At one screening in New York City, Catholic Outreach handed out, “The Kinsey Corruption: An Exposé On The Most Influential ‘Scientist’ Of Our Time” booklets, written by Susan Brinkman, a correspondent for The Catholic Standard & Times of the Archdiocese of Philadelphia, based on the research of Dr. Judith Reisman, one of the leading critics of Kinsey’s work.

However, since the lines to the screening were moved inside, Catholic Outreach didn’t hand out as many as they had hoped, according to Wheeler, noting that the group was also threatened with arrest.

Wheeler told a similar story for the screening at the University of Indiana where heightened security for the appearance of the two celebrities prevented Catholic Outreach from protesting the movie.

But Wheeler said she was not surprised by what happened. She said during one screening Reisman attended, the movie was stopped after 20 minutes and accused the proponents of the film for stopping the film because they discovered Reisman in the audience not because of technical difficulties as they claimed. When Reisman flew to Los Angeles for a second screening, it was abruptly cancelled without explanation, according to Wheeler.
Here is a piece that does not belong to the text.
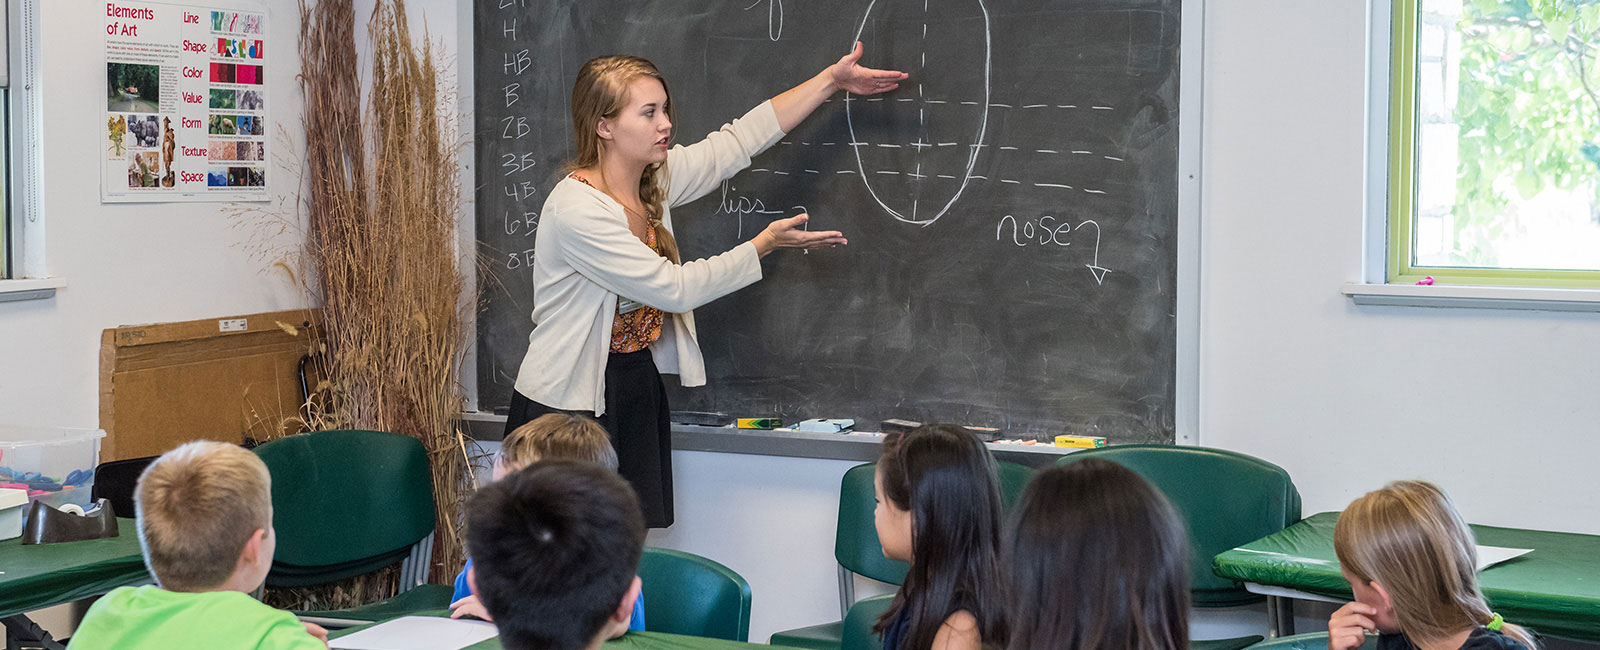 A teacher instructing children at a blackboard

“Alfred Kinsey was someone who believed children could be sexual from infant. Even an areligious person’s stomach would turn if they said an infant was sexual,” said Wheeler.

She said the protest should not just been seen as an attack from the religious right but a revealing of the truth. Wheeler admitted that the Catholic Church also has some problems of its own.

“As Catholics, we have been criticized, --and rightly so—for the actions of some of our priests in committing horrific crimes against children,” she said.

However, she noted the irony that some Hollywood people leading criticism of the child sex abuses in the Catholic Church would make a film that is lionizing a man who used child sex abuse in his research.

Wheeler also had a theory on the child sex abuses in the Catholic Church. She said she didn’t think it was a far leap to say that the line of thinking of children as sexual beings which resulted from Kinsey’s work, published in the 50’s, had seeped into religious schools and seminaries where the priests were studying.

By next weekend, “Kinsey” will open in 35 theaters then 500 by Christmas, reported Wheeler.
“And we’ll be there,” she said. “We want the Truth to come out.”